When it comes to in-car satellite receivers, Sampson recommends the Garmin Street Pilot C550, Garmin Nuvi 660 and the TomTom 910, which is good in Canadian cities but pretty much useless once you’re in the countryside.
If you want to turn on a dime, the Wide Area Augmentation System is a series of ground-based U.S. stations that take into account all the errors that can interrupt a radio signal in the ionosphere, and improves accuracy within two to three metres, 95 per cent of the time.
The in-car models all talk, supposedly to prevent you from taking your eyes off the road and the newest versions have what’s called voice-to-text, which means the little person inside the box will not only tell you when to turn but will tell you the name of the street you want to turn on to.
At the very high end, GPS systems come with Bluetooth, so you can run your cellphone through them, and some now have satellite radio built in. They also include points of interest, such as the nearest Canadian Tire or coffee shop, and can direct you there. But you can also, for example, download the location of red-light cameras in your city from the Web, add it to the POI list, and have your receiver give you a proximity alert when you’re approaching an intersection with a spy cam. Unfortunately, as Sampson can personally attest, they cannot detect radar traps.
Although you can stick a navigation program on a laptop, a PDA or even a cellphone, the newer GPS systems are also portable.

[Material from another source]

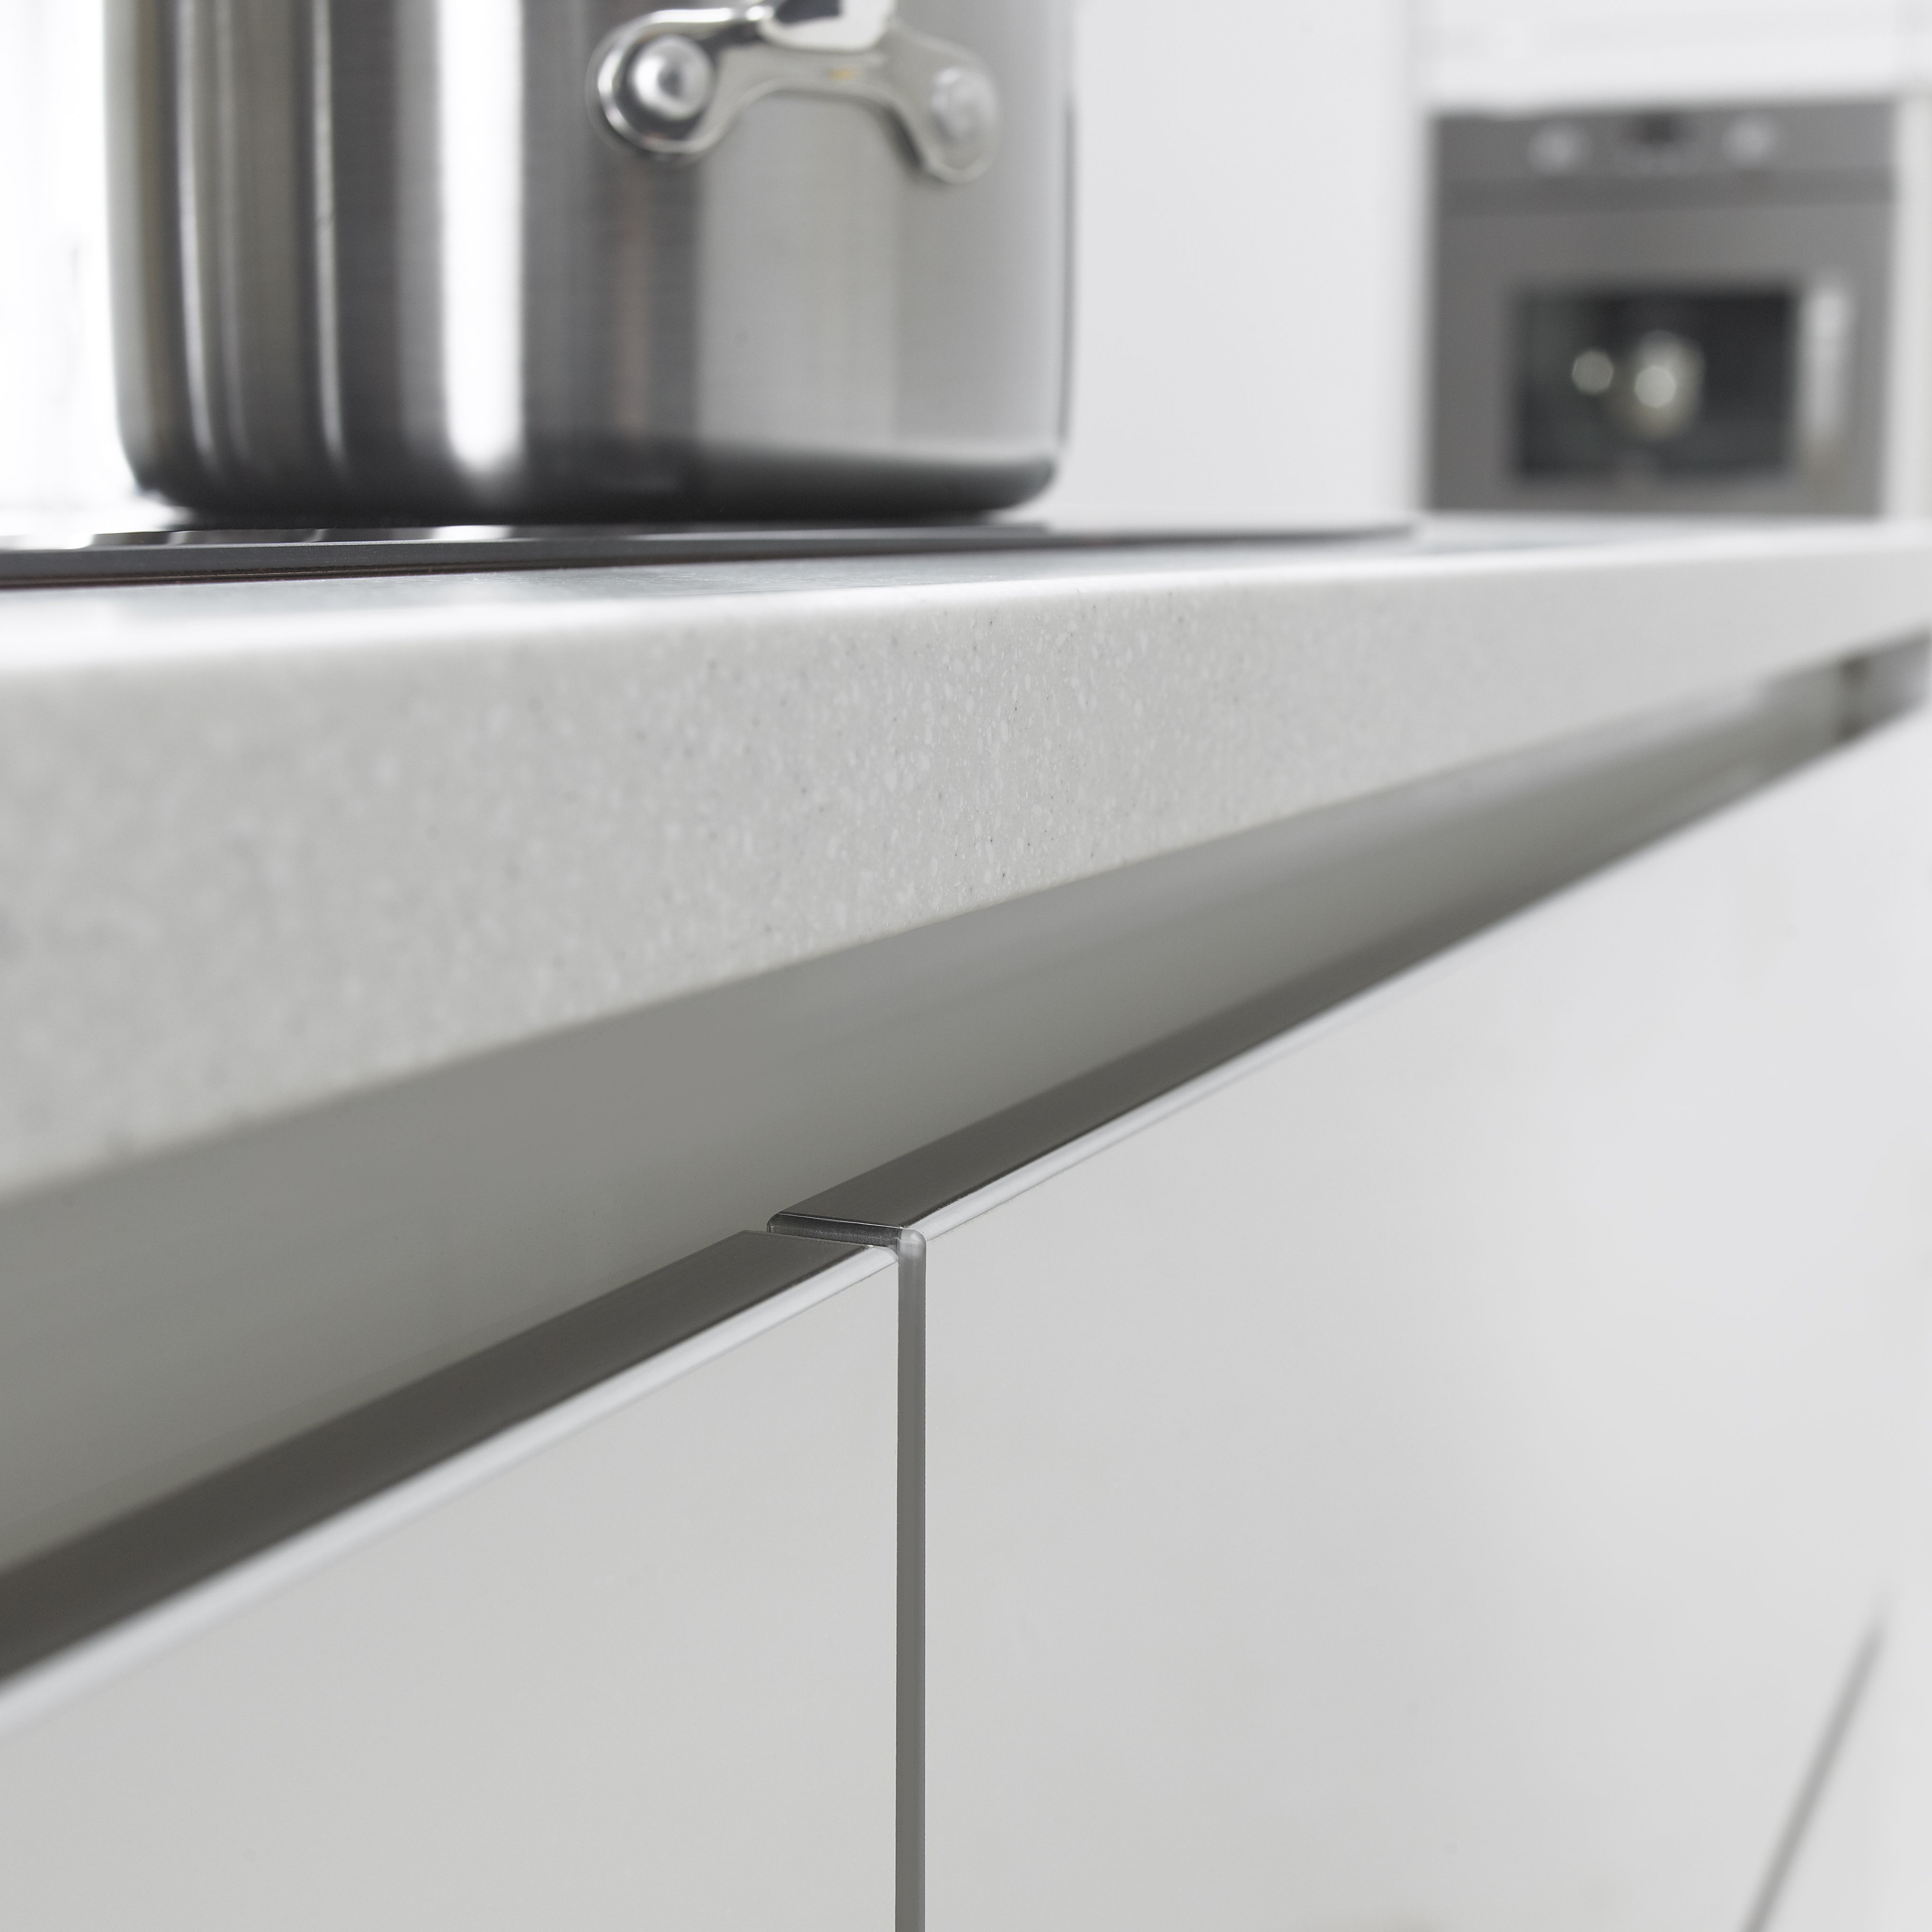 Symphony Kitchen Worktops: A Handleless Kitchen Design That

And some customers are using them to help out in their travels. For about $80 you can buy a language guide for the higher-end units such as the Nuvi 660, load it in and take it to Harry’s Bar in Venice. Decide what you want to say — for verisimilitude, we’ll use, “Two beers, please” — hold it up to the waiter, and press a button.
If you live in the big city, you might want to spend a wad on the new SiRF chip, which allows you to grab a signal faster and lock it in even in the middle of all those bank towers at King and Bay.
What’s on the horizon? A subscription service for traffic reports in major U.S. cities that is expected to be rolled out in Toronto and Montreal next year. Good thing, because with all the bells and whistles on these hi-tech toys, there may be a few more accidents to avoid.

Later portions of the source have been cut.